In a whitepaper entitled Cryptographic Cloud Storage (PDF), Seny Kamara and Kristin Lauter from the Microsoft Research Cryptography Group, propose a “virtual private storage service” offered by public clouds using new cryptographic techniques.
Cloud computing has gained some traction lately and 2010 is considered to be the year of the cloud by some. While the benefits of using computing in the clouds are well known, its adoption is hindered by security concerns. Individuals may have no problem using an online storage service from a company that has a good security history track, but companies and governmental agencies are very reluctant to trust their data to the uncertainty of the public clouds.

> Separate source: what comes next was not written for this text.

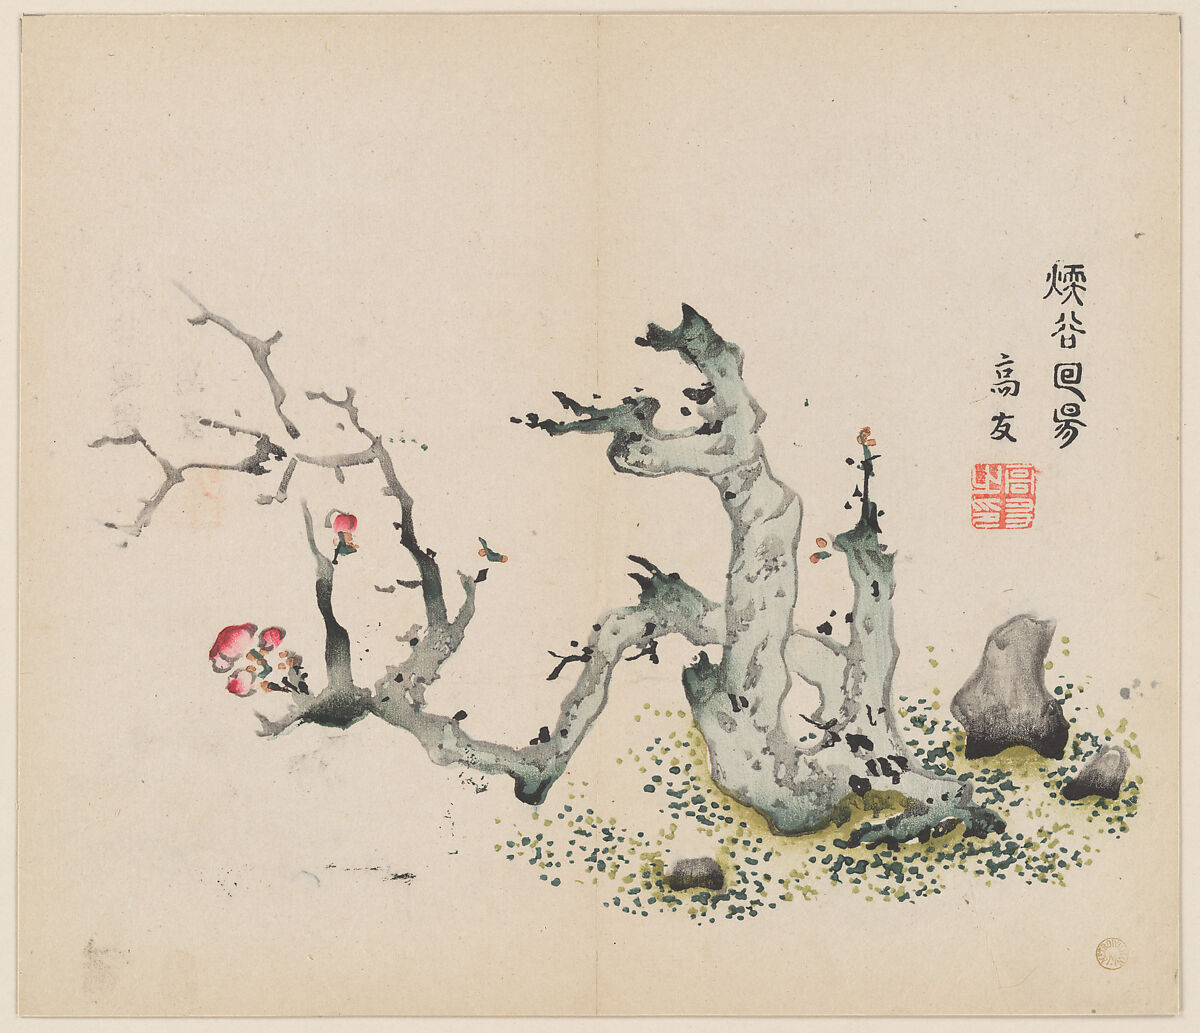 Page from the Ten Bamboo Studio Manual of Painting and Calligraphy, Hu Zhengyan, Individual leaf from a printed book; ink and color on paper, China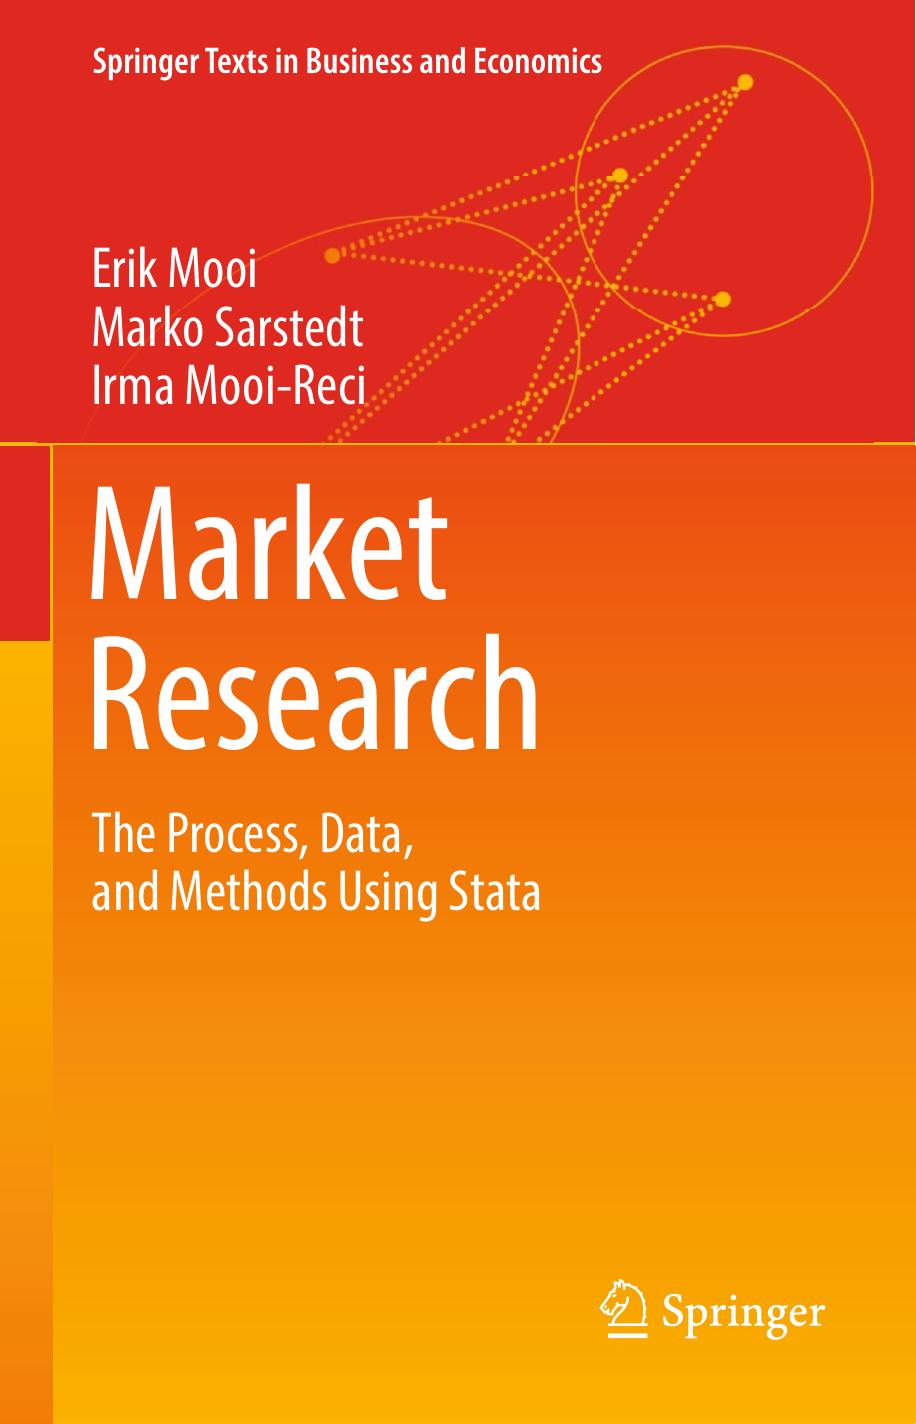 Market Research: The Process, Data, and Methods Using Stata

Kamara and Lauter propose a virtual private storage service which would satisfy the following requirements:
- confidentiality: the cloud storage provider does not learn any information about customer data
- integrity: any unauthorized modification of customer data by the cloud storage provider can be detected by the customer
- non-repudiation: any access to customer data is logged, while retaining the main benefits of a public storage service
- availability: customer data is accessible from any machine and at all times
- reliability: customer data is reliably backed up
- efficient retrieval: data retrieval times are comparable to a public cloud storage service
- data sharing: customers can share their data with trusted parties.
Most of the requirements are obtained by encrypting the documents stored in the cloud, but encryption makes it very hard to search through such documents or to collaborate in real time editing. The Cryptographic Cloud Storage whitepaper proposes an architecture for a cryptographic storage service that would solve the security problems of “back-ups, archival, health record systems, secure data exchange and e-discovery”.
The architecture is based on three components:
- Data Processor (DP) – processes data before sending it to the cloud
- Data Verifier (DV) – verifies data’s integrity
- Token Generator (TG) – generates tokens allowing the service provider to retrieve documents
The consumer solution involves using a local application that has the three above mentioned components. Before uploading data to the cloud, Alice uses the data processor to encrypt and encode the documents along with their metadata (tags, time, size, etc.), then she sends them into the cloud. When she wants to download some documents, Alice uses the TG to generate a token and a decryption key. The token is sent to the storage provider to select the encrypted files to be downloaded. After that, the DV is invoked to verify the integrity of the data using a master key. The document is decrypted using the decryption key.
Collaboration is done by Alice generating a new token plus a decryption key which are sent to Bob who uses them to retrieve documents from the cloud and to decrypt them.
For the enterprise, the whitepaper proposes a similar approach:
This solution proposes the introduction of an additional Credential Generator (CG) that generates tokens for any user involved in storing/retrieving documents into/from the cloud. The credential token establishes what rights one has over a specific document and it is used to manage access to documents. The rest of the process is similar to that for a consumer architecture.
In order to prepare the data for the cloud, the data processor:
begins by indexing it and encrypting it with a symmetric encryption scheme (e.g., AES) under a unique key. It then encrypts the index using a searchable encryption scheme and encrypts the unique key with an attribute-based encryption scheme under an appropriate policy. Finally, it encodes the encrypted data and index in such a way that the data verifier can later verify their integrity using a proof of storage.
Microsoft Research Cryptography Group and other research organizations have developed techniques for searchable encryption but the main problem is they are unacceptably slow, tens of seconds for a single word search. More research and advances in the searchable cryptography field are necessary before this approach becomes a viable solution for a virtual private storage service.